Google: We Don’t Penalize Duplicate Images

Matt Cutts ImageFor some time now, Google has had a “Search By Image” feature, which shows that the search giant has been able to look at the content of an image and compare it to others online. Combine this with Google’s famously strong stance on duplicate content and many have wondered if Google might be using that image detection tool to look for duplication among images and respond accordingly.

Well, Google through their head of search spam, Matt Cutts, responded to those questions. In a short video, he explained emphatically that using stock photos (or even duplicating photos repeatedly on the same site) does not impact your search engine ranking, negatively or positively.

While this question was put in the context of stock photos, the implications for photographers and artists clearly go beyond that. For example, if an infringer copies and posts a copy of a photo on their site, it doesn’t hurt the ranking of the original photographer and their site.

This is in stark contrast to text works, were Google very heavily seeks out original content and, unfortunately, sometimes mistakes infringers and plagiarists for original sites, demoting the actual authors of the work.

However, this doesn’t mean that the issue is settled either. Cutts mentioned in the video that it was “A great suggestion for the future”, hinting that this might be something Google could weigh in the future.

Right now though, it seems that visual artists are safe from the hazards that writers face to their search engine ranking when they are infringed.

However, that doesn’t necessarily mean that the conversation ends there.

The Flip Side of the Coin

So while the good news is that legitimate sites won’t be penalized when their images are infringed, the flip side is that infringing sites won’t either. All of the sites that lift photos have the exact same chance for ranking well, including in Google Image Search, that your site does.

Though, for writers, Google sometimes gets it wrong and unfairly penalizes original sites, it gets it right most of the time and keeps the plagiarists out of the search results.

According to Cutts, there is no such protection visual artists.

In short, while having your work infringed won’t hurt you, if Cutt’s statement is accurate, the similarity doesn’t impact the other sites either.

The other problem is that, for visual artists, SEO has not been as significant of a concern. The reason is that most artists have focused on licensing and sale of their work as a business model, rather than pure audience.

So while infringing sites may not have a drastic impact on their SEO of an artist’s site, it can have an impact on their ability to license their work and, with the lack of a duplicate content penalty, it may be easier for them to rank competitively.

The one caveat to all of this is that Cutts never expressly said whether or not the rules apply to Google Image Search. However, this seems likely both because Google Image Search usually follows the same rules and also because duplicative images routinely come up in image searches, especially for targeted queries.
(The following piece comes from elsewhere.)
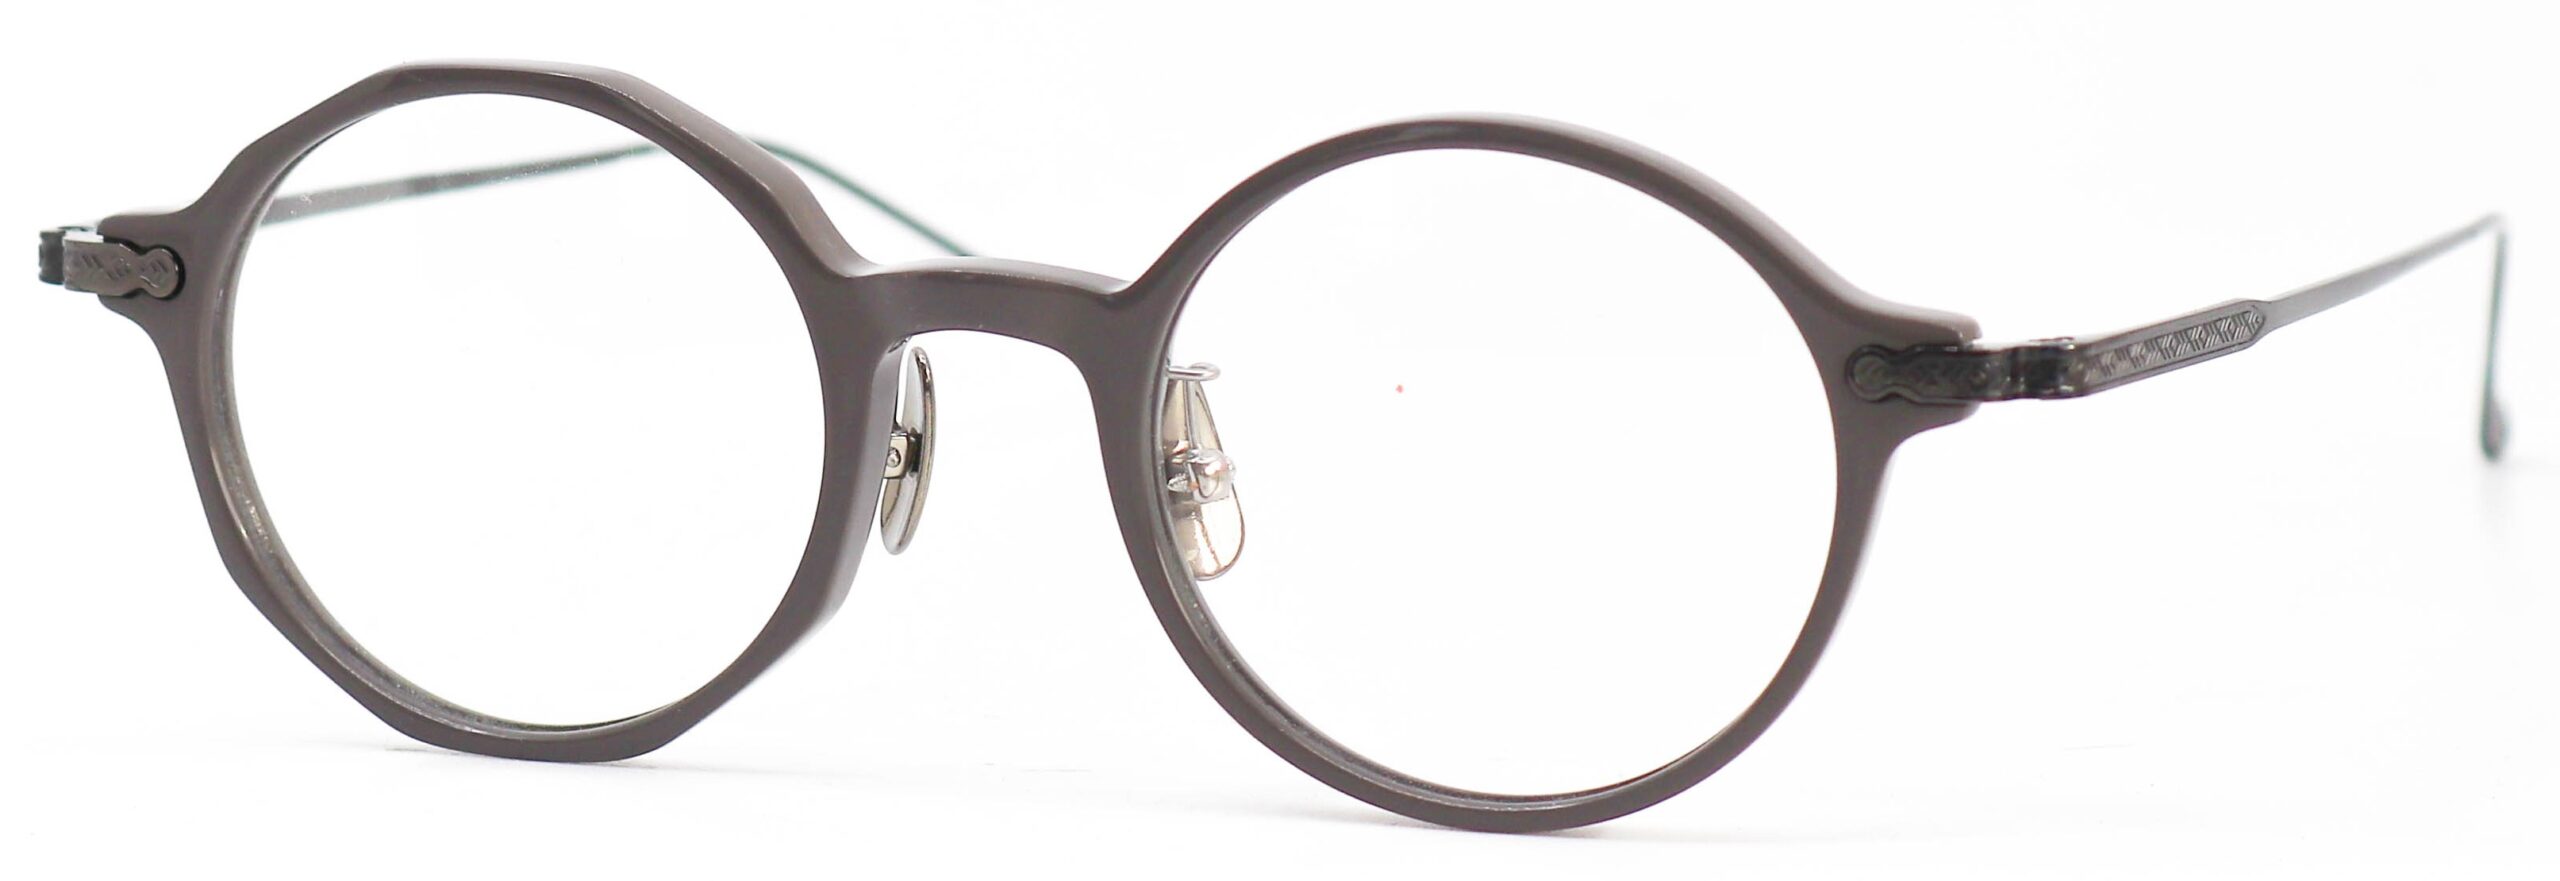 眼鏡のカラータイプC-5 Gray/DarkGray
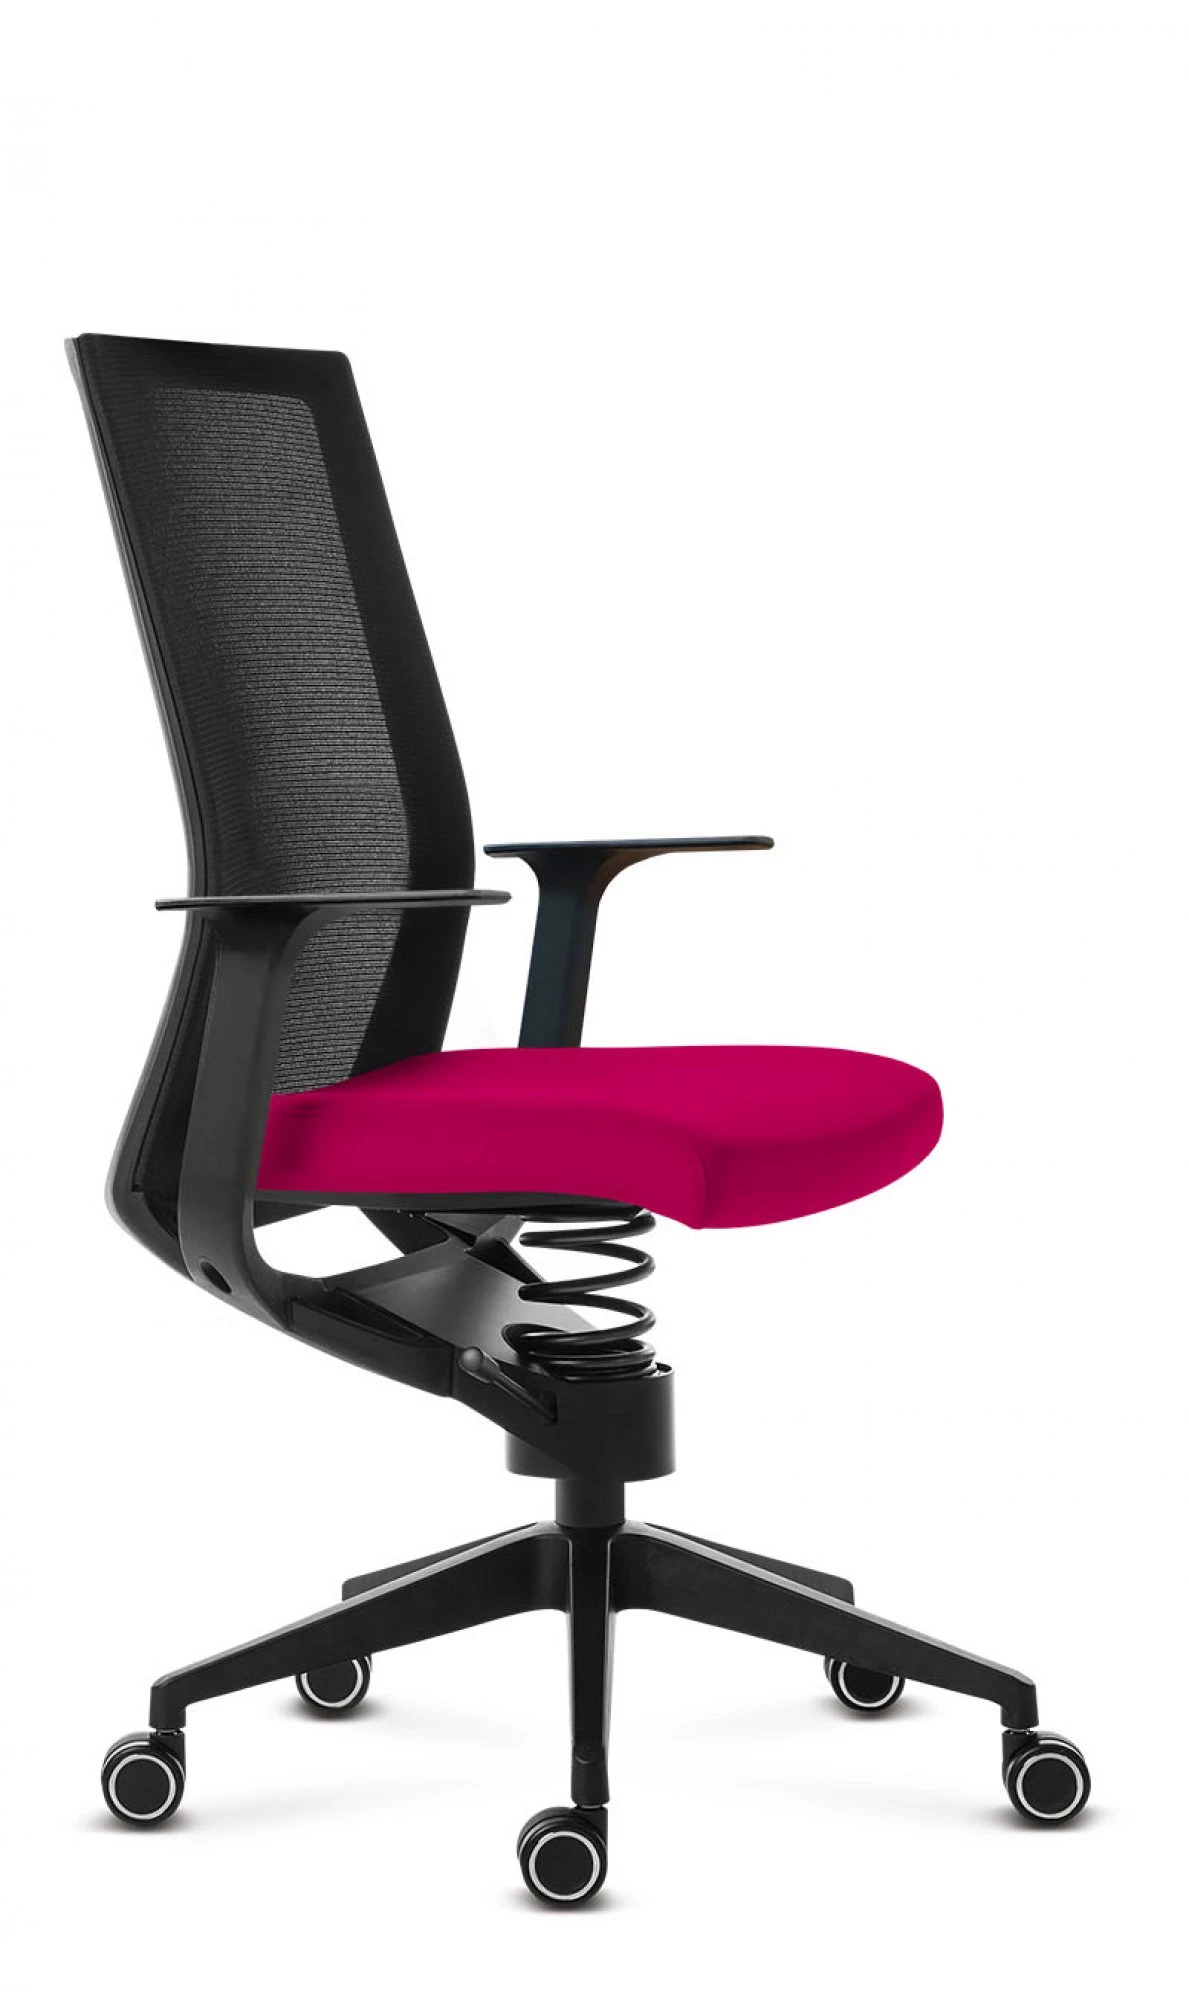 Zdravotný kancelársky stolička Adaptic EASY Bordo

Still, it’s worth nothing that it is unclear if that is the case.

Bottom Line

Visual artists are already very wary of Google for various reasons and this news probably won’t help that relationship, though it likely wont’ hurt it much either.

The truth is that Google, for the time being, not weighing the originality of images in its rankings is both a blessing and a curse. While it means that infringers won’t be punished by Google for reposting the works of others, it also means that the original artists don’t run the risk of being unfairly penalized just for being infringed.

However, with images playing a more and more important role on the Web, it may only be a atter of time before Google makes good on Cutt’s idea and start looking into it.

In the end, Google has proven that it can detect duplicate images and, as it does with text, start factoring it into its results. It chooses not to at this time for whatever reason.

That decision, which can change at any time, has a serious impact on both infringers and creators alike.